Primeiro acontecimento: um encontro-congresso organizado com o objetivo de convencer os burocratas do Ministério da Saúde a repensar os guias da boa conduta sobre o autismo que dão uma importante desmedida ao método cognitivo-comportamental e esmagam a psicanálise.
Segundo acontecimento, mais alegre e amistoso: uma homenagem a Martin Egge, nosso colega morto que tanto se dedicou ao trabalho com sujeitos autistas.
Antonio Di Ciaccia


Em Roma: convencer os políticos

por Sergio Sabbatini


No dia 4 de outubro de 2012 aconteceu em Roma, no Palazzo Marini, Câmara dos Deputados, um congresso sobre autismo, pela iniciativa de uma parlamentar católica, a psiquiatra Paola Binetti, com a participação do sub-secretário da saúde, Adelfo Elio Cardinale e de Enrico Garaci, presidente do Instituto Superior da Saúde (ISS). A psicoterapeuta Magda Di Renzo, que dirigia os debates, recomendou, em nome do interesse dos pacientes, uma discussão fundada no diálogo, e que evitasse o confronto entre os diferentes métodos.
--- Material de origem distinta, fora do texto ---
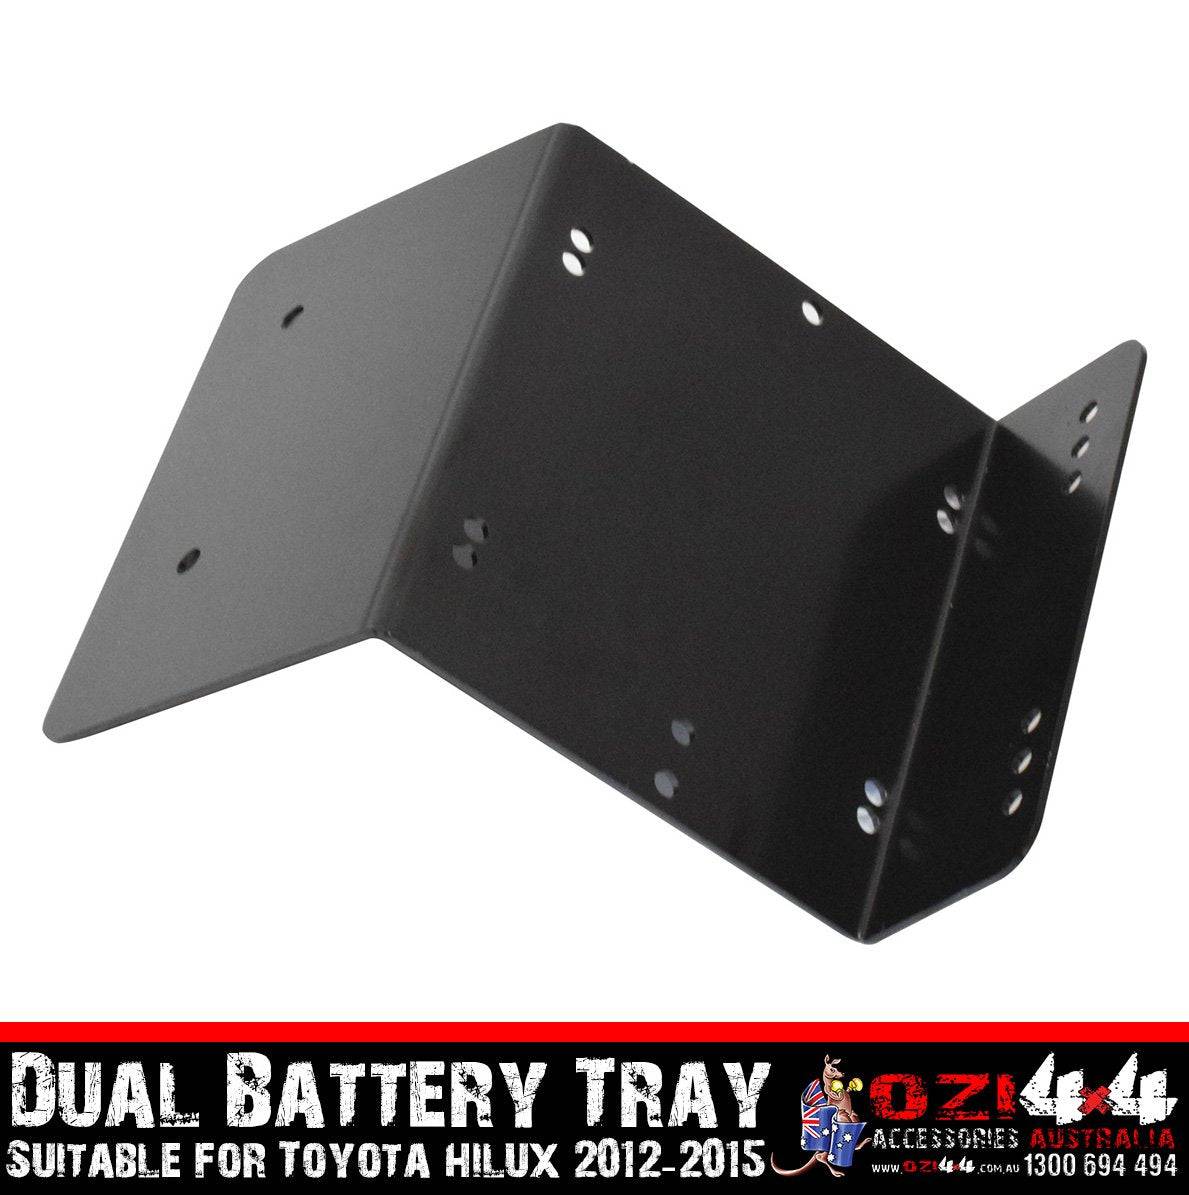 Black Dual Battery Tray Suits Toyota Hilux 2012-2015 (Online Only)

Mas, de fato, todo o contexto era claramente não-analítico, incluindo nisso as publicações disponíveis.

O objetivo do congresso era avaliar «o estado da arte» sobre o autismo, a partir das diretivas sobre o tratamento dos problemas do espectro autístico promovidas pelo ISS, que fazem expressamente referência às abordagens cognitivo-comportamentais. Durante a primeira parte do congresso, a discussão focou a causalidade: Gabriel Levi da Universidade La Sapienza de Roma sublinhou a importância de um diagnóstico precoce; Francesco Barale, psicanalista freudiano de Pavia, acentuou a necessidade de um acordo entre neuropsiquiatras para crianças e neuropsiquiatras para adultos. Antonio Persico da Policlínica Universitária Campus Biomédico de Roma insistiu sobre o caráter ambiental e não genético do autismo, situando seu começo nos três meses de vida uterina.
O segundo momento do congresso centrou-se nos métodos de tratamento. Stefano Vicari do hospital do Vaticano Il Bambino Gesù de Roma, o hospital pediátrico mais importante da Itália, promotor da evidence-based medicine e consequentemente dos métodos cognitivo-comportamentais (ABA, Teach et Parent Training), declarou: «A liberdade do tratamento passa pela prova científica»; partindo desse princípio, ele colocou no mesmo saco psicanálise e fonoaudiologia, considerando as duas práticas inúteis, sempre reiterando sua abertura à verificação de diversas abordagens.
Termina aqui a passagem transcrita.